▸ **Data**
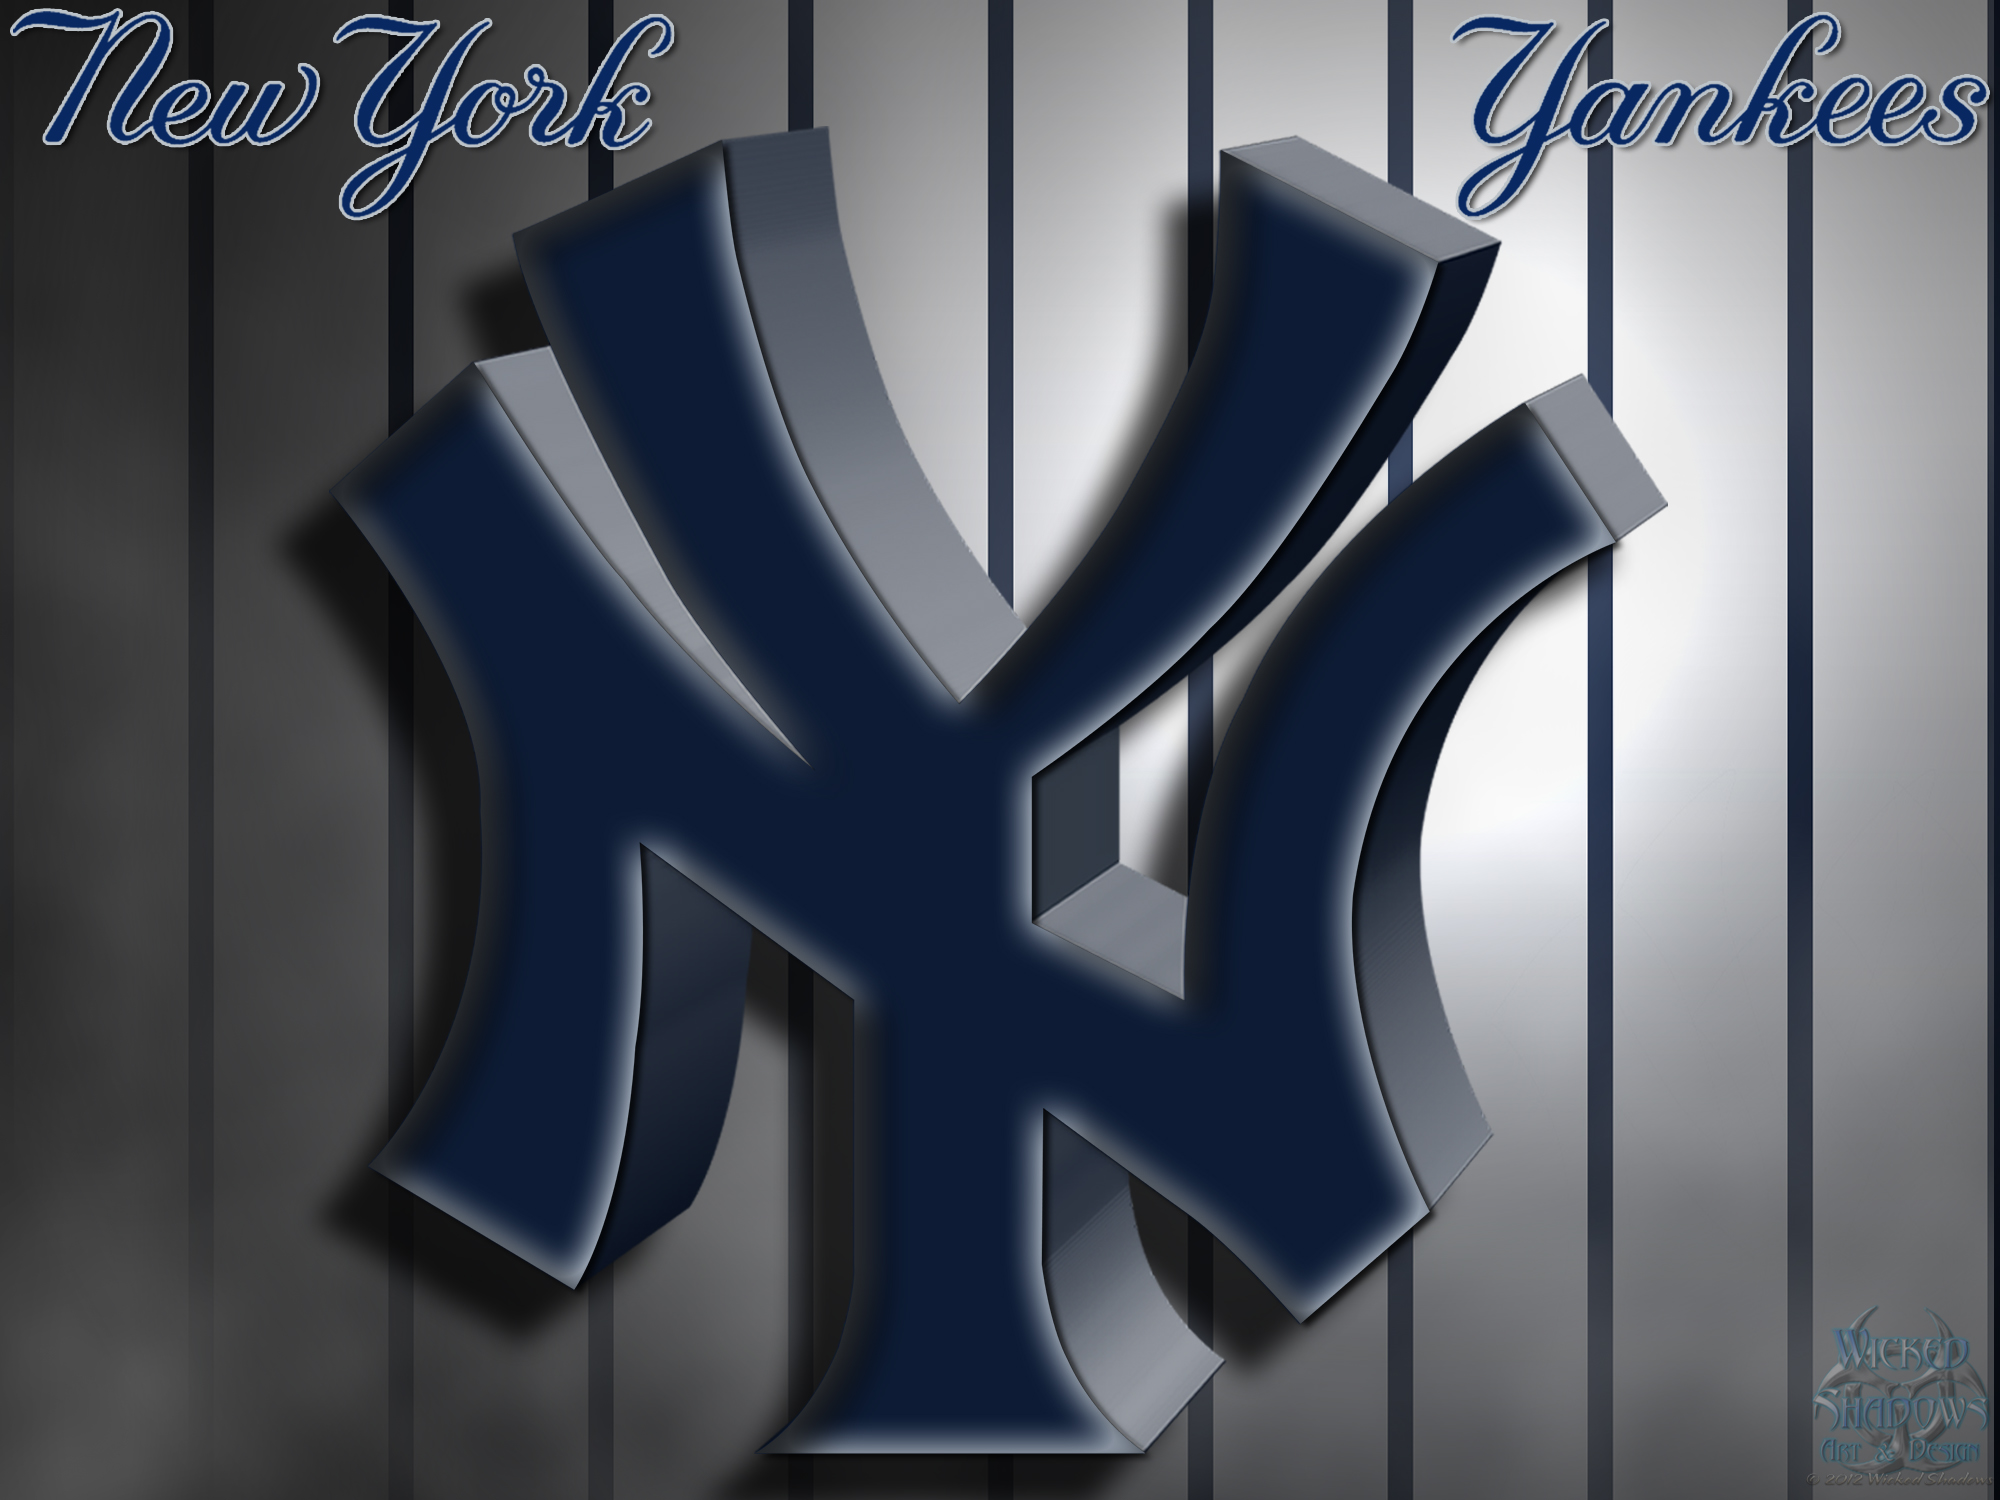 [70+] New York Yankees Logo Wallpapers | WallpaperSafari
...
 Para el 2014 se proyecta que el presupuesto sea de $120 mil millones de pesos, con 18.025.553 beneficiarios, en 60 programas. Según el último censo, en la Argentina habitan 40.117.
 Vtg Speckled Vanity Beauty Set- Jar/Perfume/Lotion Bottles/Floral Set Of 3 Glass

▸ **Assignment**
In the data above, find the line with "Para el 2014" and the line with "Vtg Speckled Vanity". Retype both, plus every line between them, exactly.

▸ **Result of the task**
 Para el 2014 se proyecta que el presupuesto sea de $120 mil millones de pesos, con 18.025.553 beneficiarios, en 60 programas. Según el último censo, en la Argentina habitan 40.117.
 Vtg Speckled Vanity Beauty Set- Jar/Perfume/Lotion Bottles/Floral Set Of 3 Glass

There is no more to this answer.